## [What needs to be done]
Omit every picture, then return each line of the data below exactly.

## [Information provided]

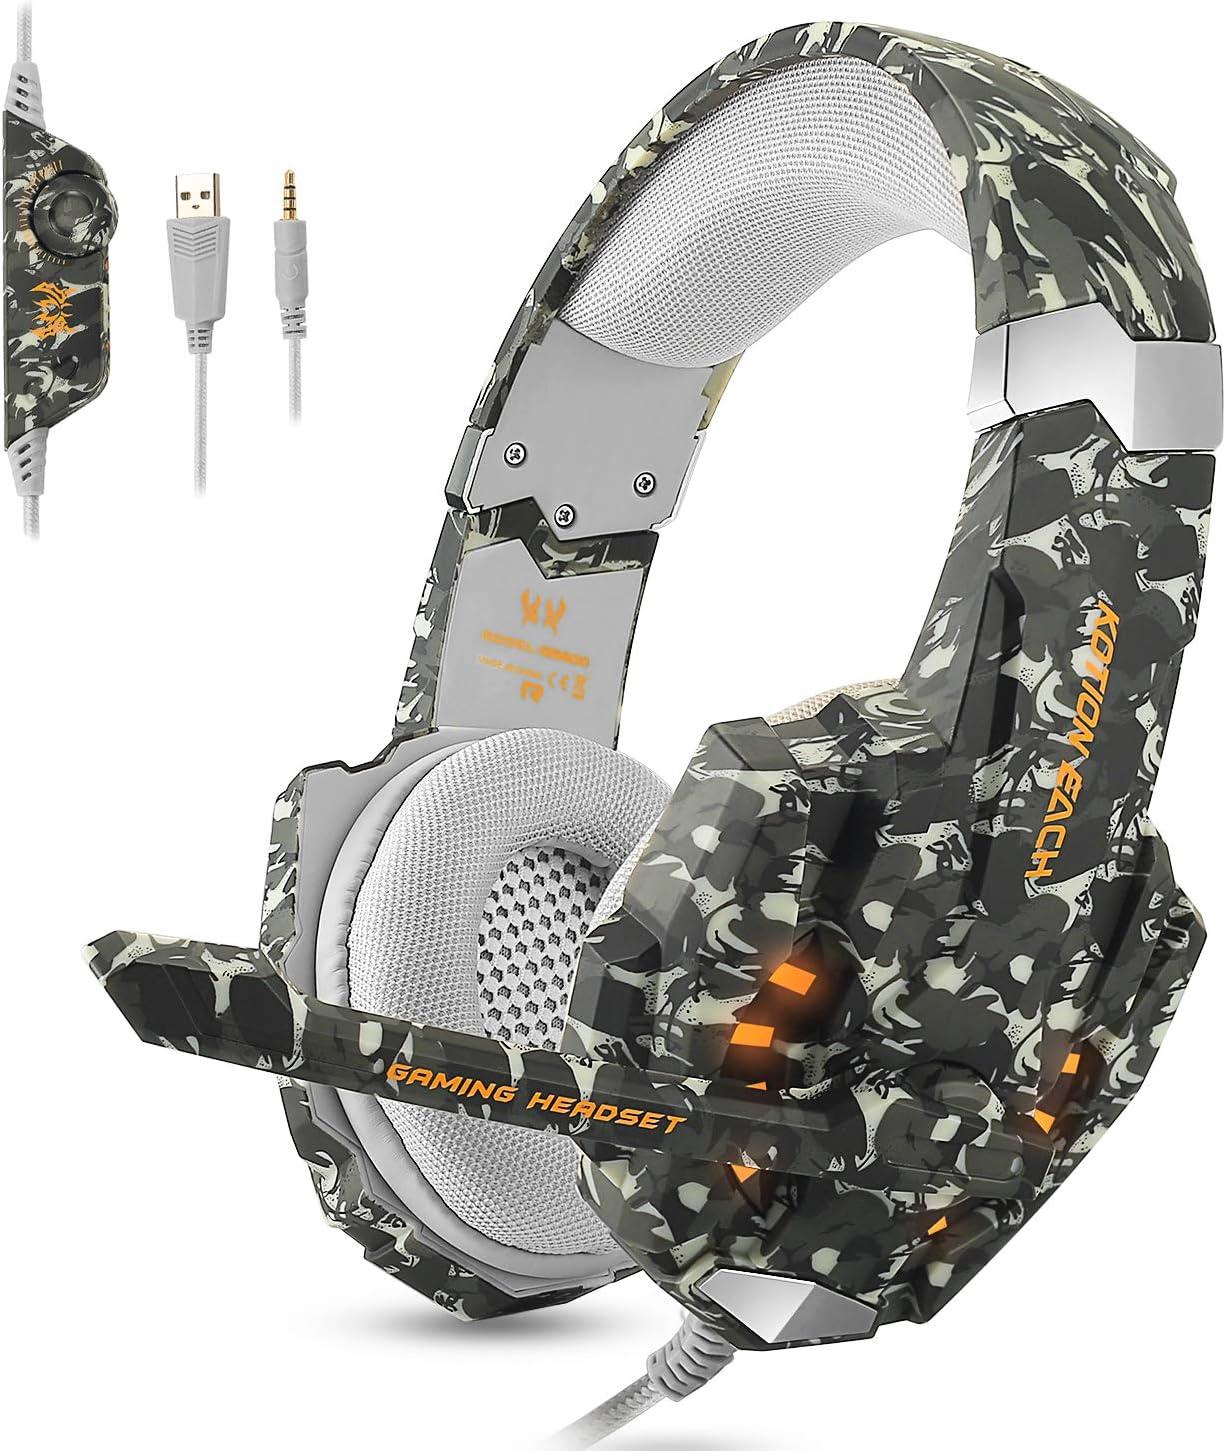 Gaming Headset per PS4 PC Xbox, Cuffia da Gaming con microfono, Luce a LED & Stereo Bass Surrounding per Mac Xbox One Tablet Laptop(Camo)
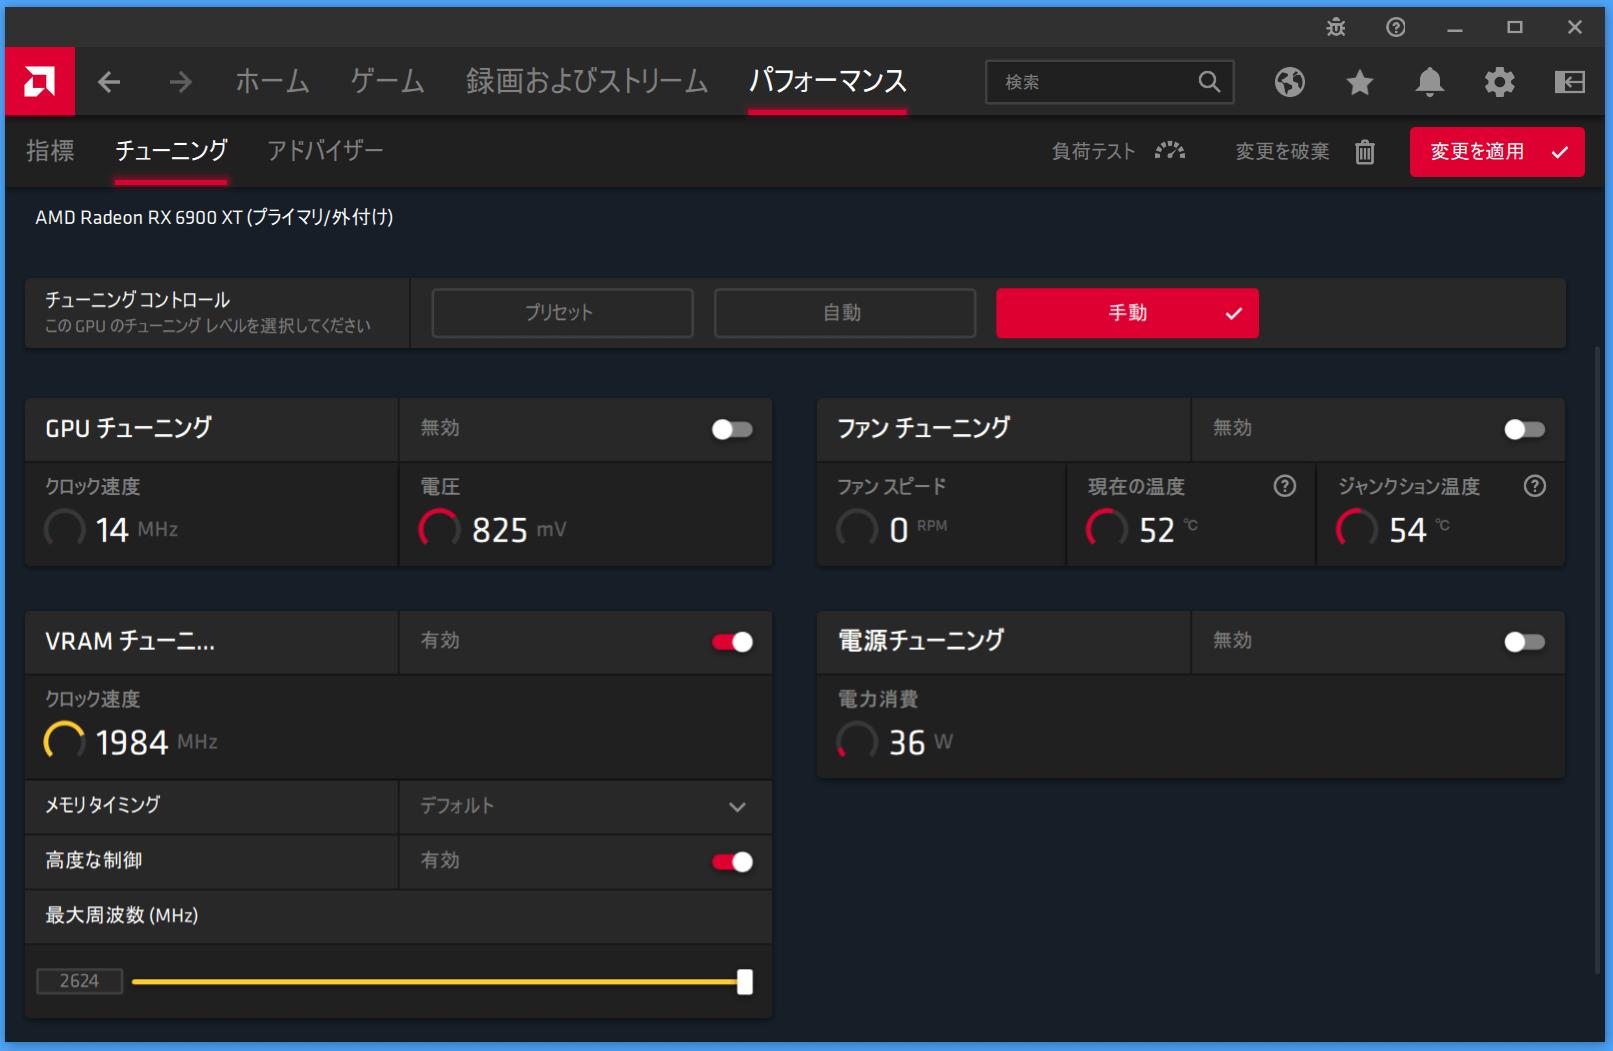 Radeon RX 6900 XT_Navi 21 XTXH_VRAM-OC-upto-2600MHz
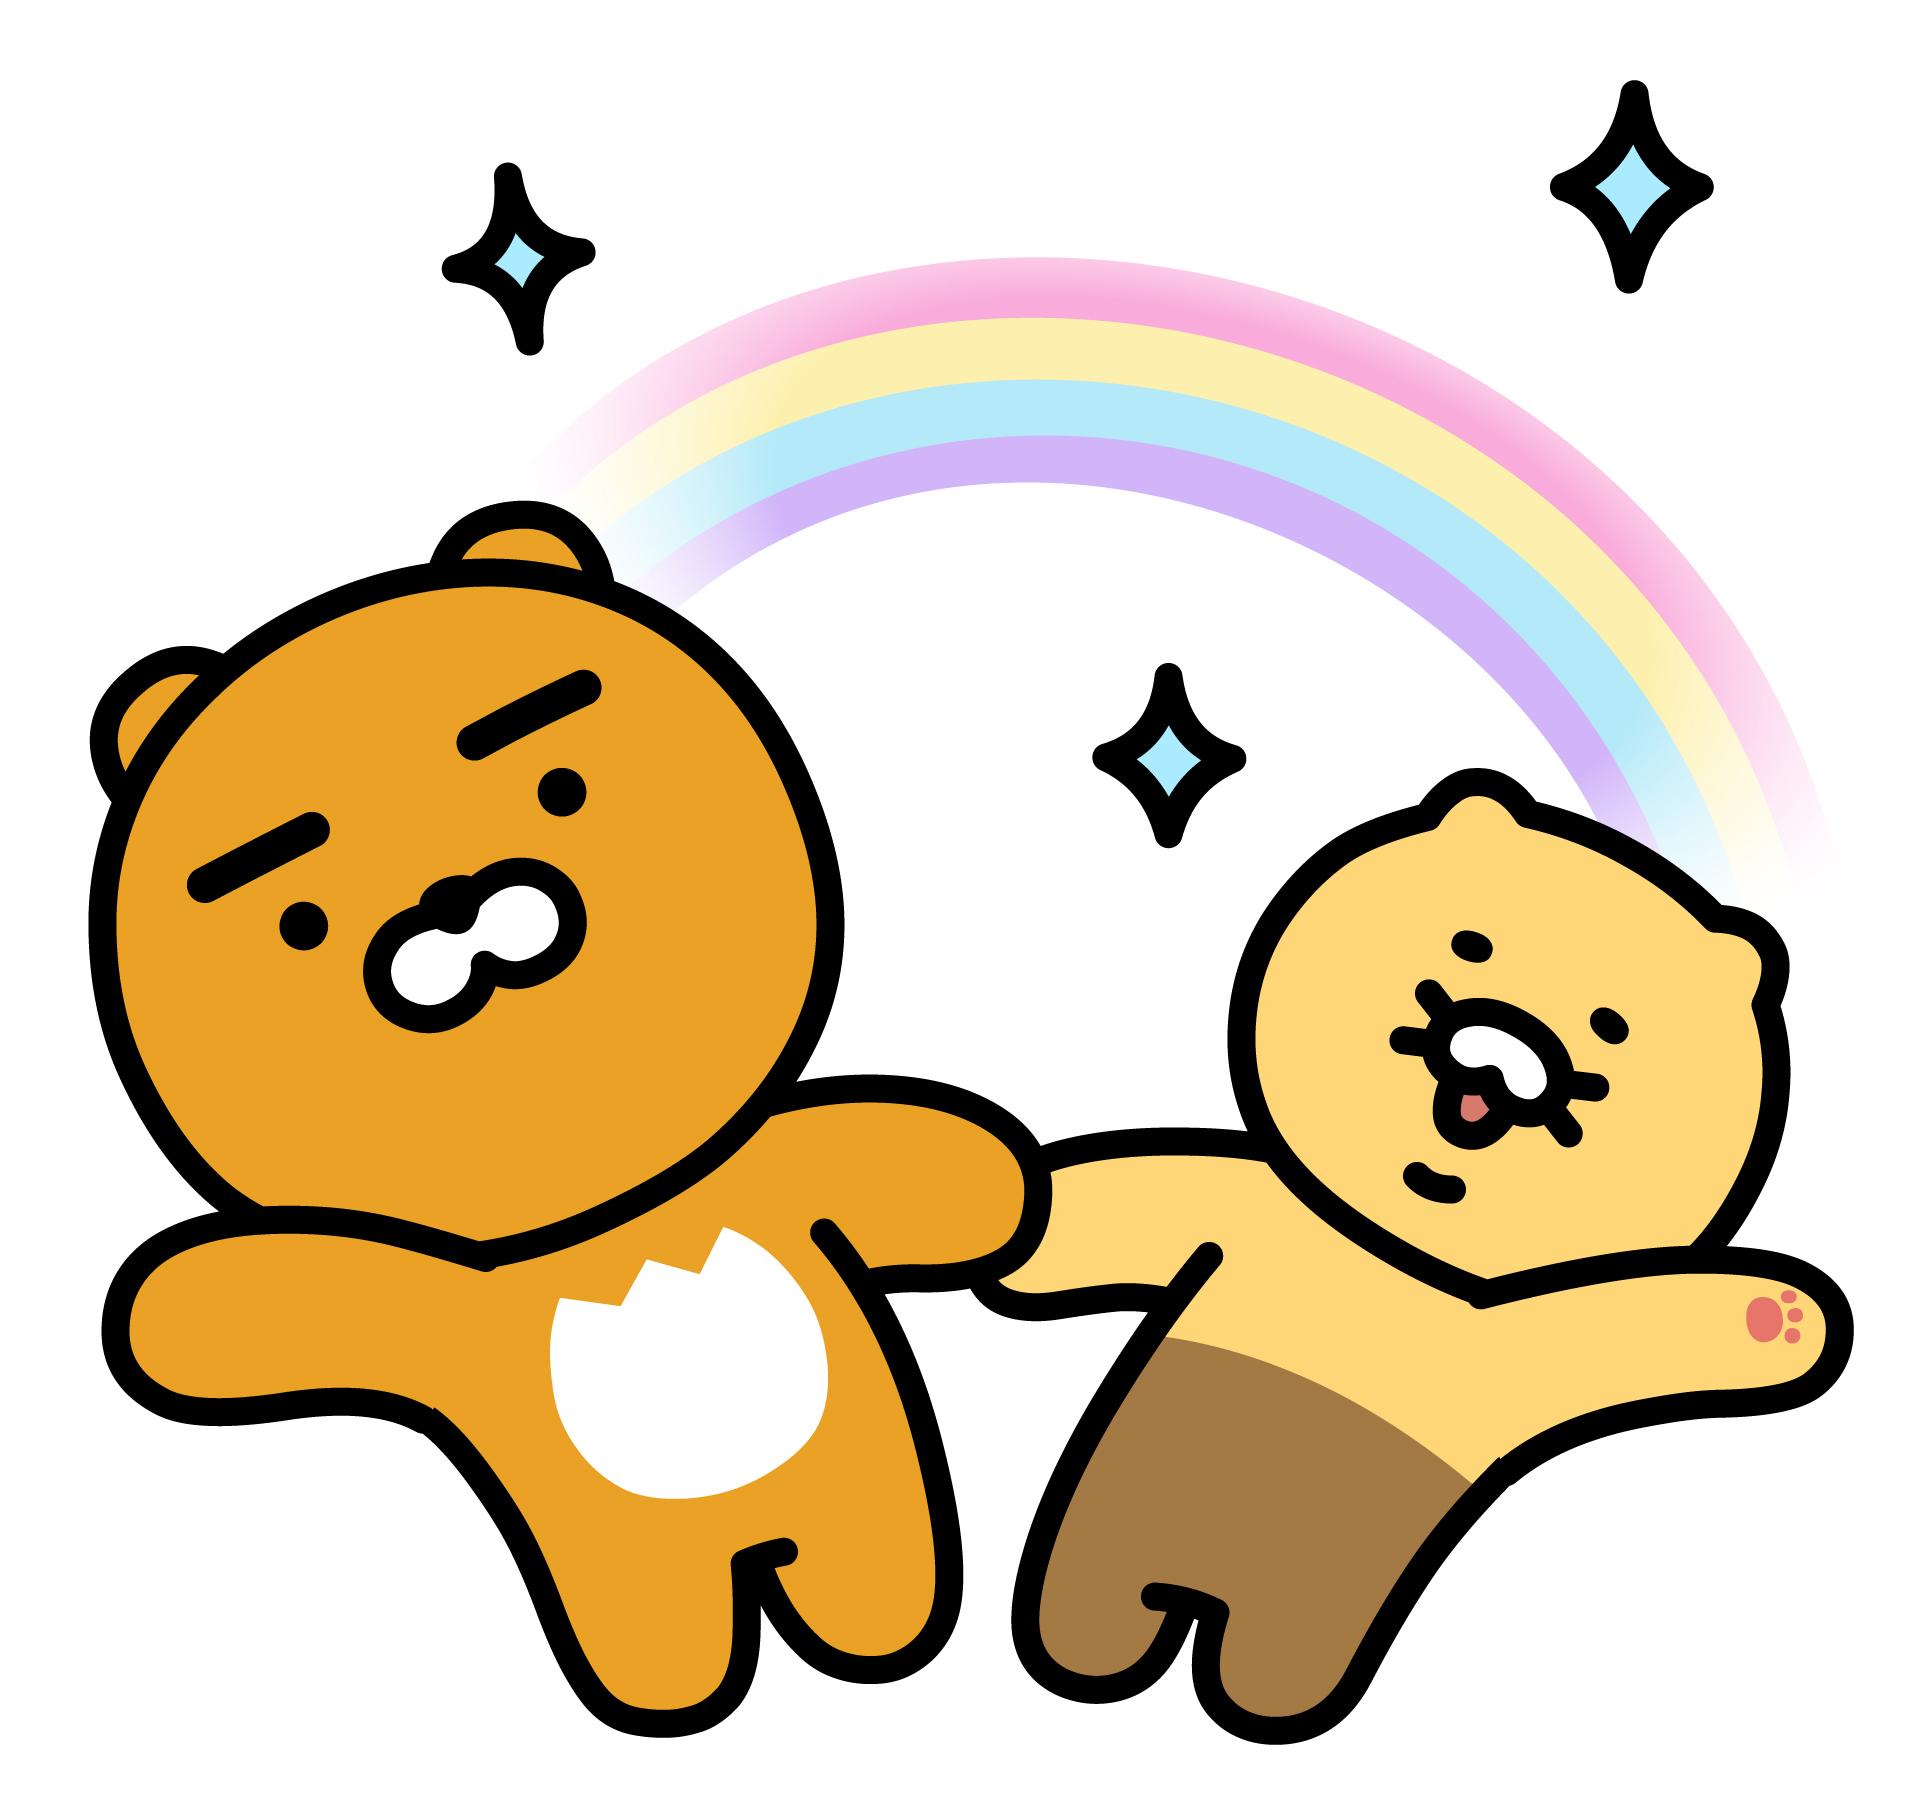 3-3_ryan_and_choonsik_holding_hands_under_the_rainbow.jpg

## [Answer box]
 Gaming Headset per PS4 PC Xbox, Cuffia da Gaming con microfono, Luce a LED & Stereo Bass Surrounding per Mac Xbox One Tablet Laptop(Camo)
 Radeon RX 6900 XT_Navi 21 XTXH_VRAM-OC-upto-2600MHz
 3-3_ryan_and_choonsik_holding_hands_under_the_rainbow.jpg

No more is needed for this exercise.